As can be seen, the recommendations in the pre and post phase were more accurate than participants, but less accurate in the adjusted phase.
Weight of advice
For each trial, weight of advice was calculated using equation 1. We employed a convention from the judge–advisor literature to truncate, or winsorize weights of advice; to treat values less than zero as zero, and values greater than one as one (Soll & Larrick, 2009; Himmelstein, 2022).
As can be seen in Table 1 and Fig. 3, participants were sensitive to the accuracy of the recommendation. Participants responded to the reduced accuracy in the adjustment phase by reducing the weight they put on the recommendation. When the accuracy of the recommendation was restored in the post phase, participants placed greater weight on the recommendation. However participants did not weigh recommendations in the post phase as high as they did in the pre phase, even though the recommendations were the same accuracy. It appears the low accuracy adjusted phase had some enduring effect. A repeated measures ANOVA on weight of advice confirmed that all three phases were significantly different from each other (\(p <.001\), \(BF > 10^6\)).

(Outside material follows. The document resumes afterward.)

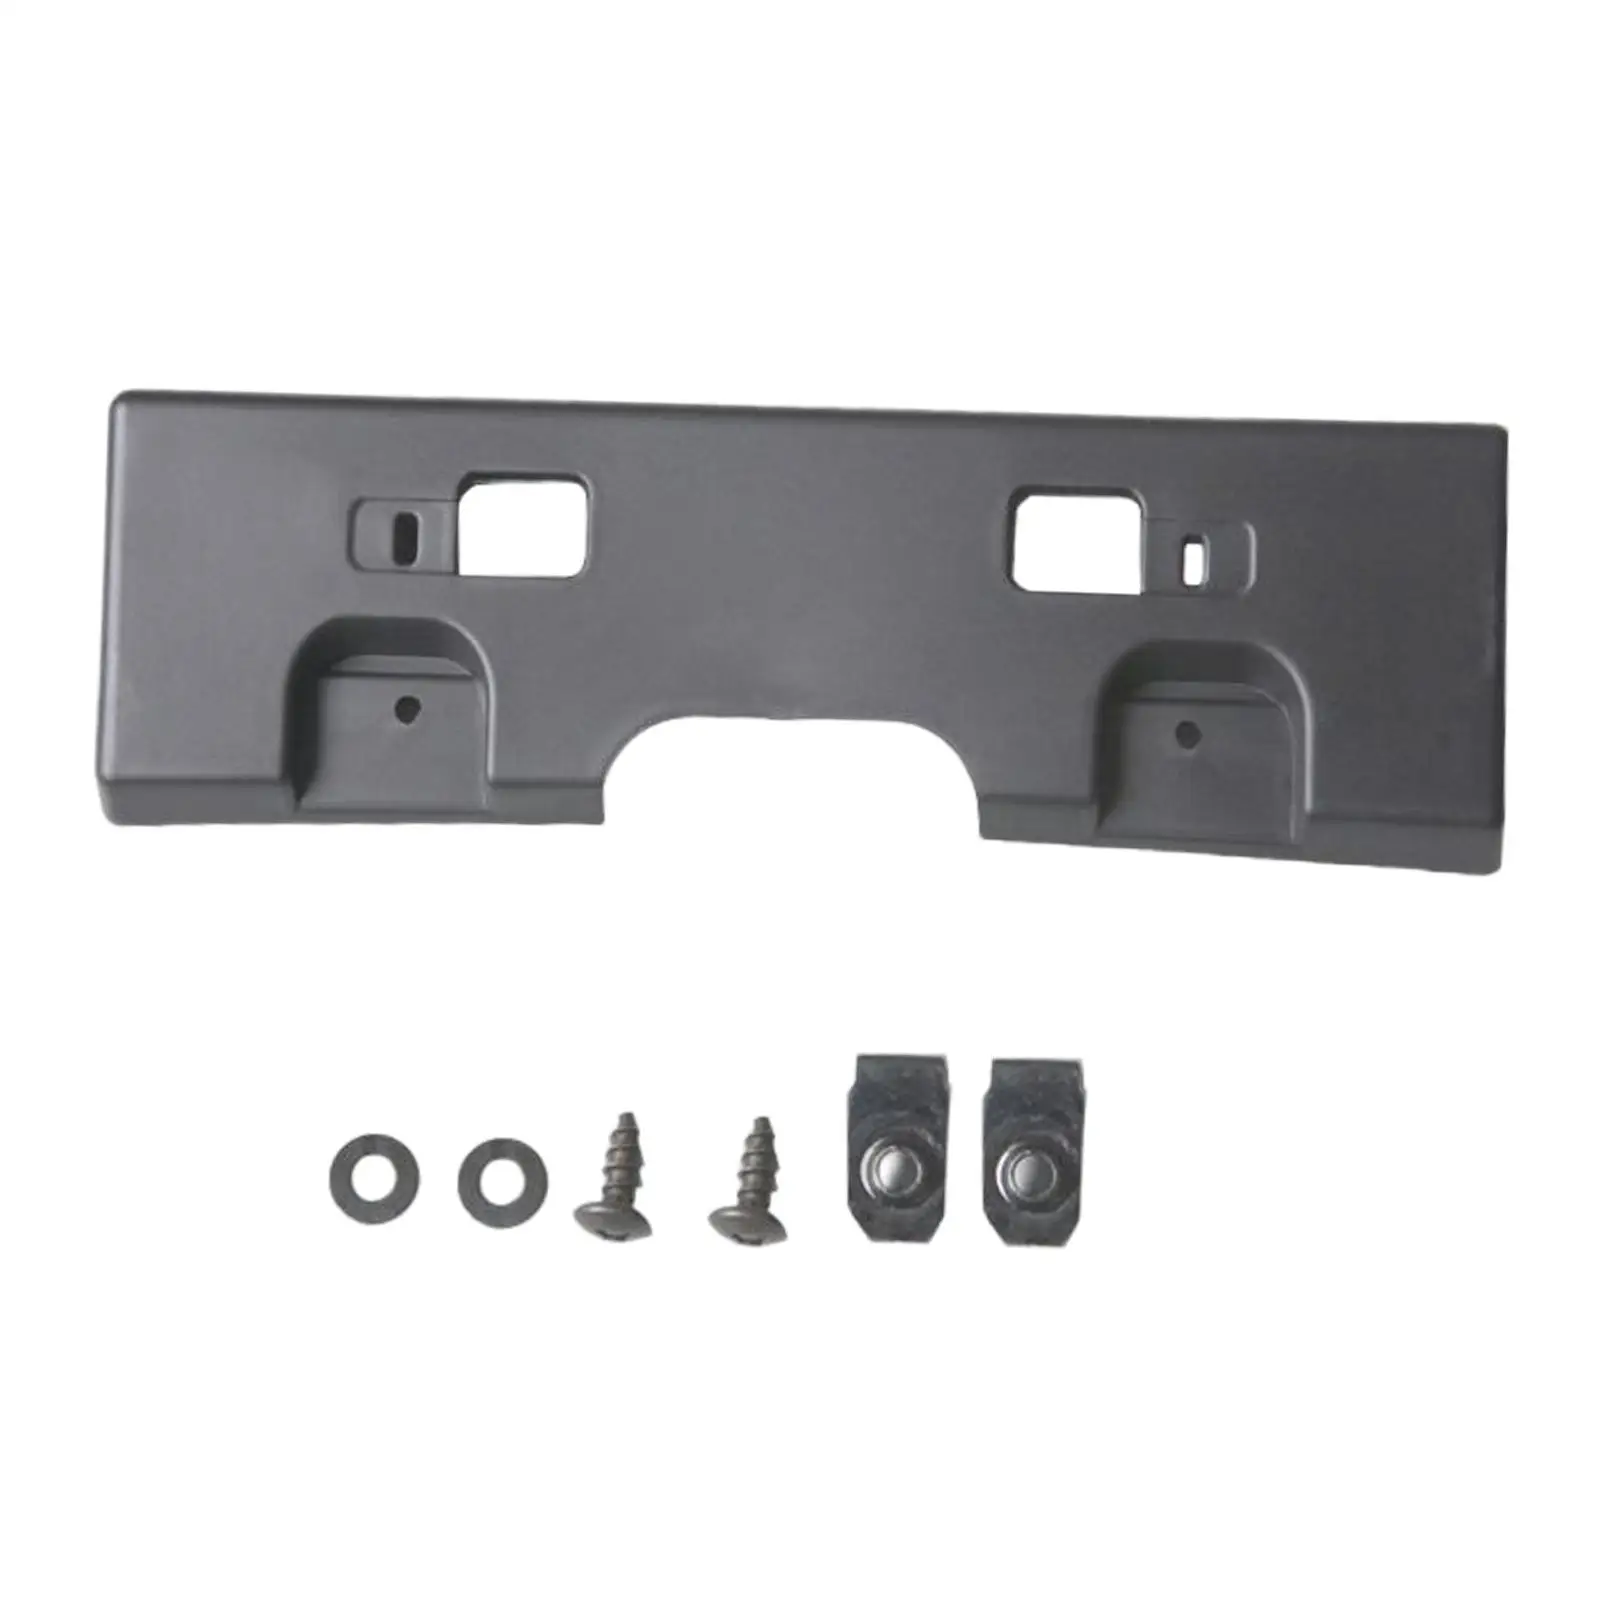 Front Bumper License Plate Bracket with HW Plastic License Tag Holder Fits for SENTRA 2007-12 847227091233 Car Supplies

An alternative explanation is that due to practice effects, participant performance on the first judgement improved over the course of the experiment, such that they no longer needed to rely so much on the recommendation. Consistent with this explanation, participants’ initial judgements in the post phase were more accurate than those in the pre phase. Although this might account for some of the apparent reduction in trust, participants also performed decidedly worse on their second judgements in the post phase than in the pre phase. This suggests that the reduction in trust was disproportionate to their increase in ability, and reflects enduring reduced trust. Relying less heavily on the recommendation harmed their performance, rather than improved it.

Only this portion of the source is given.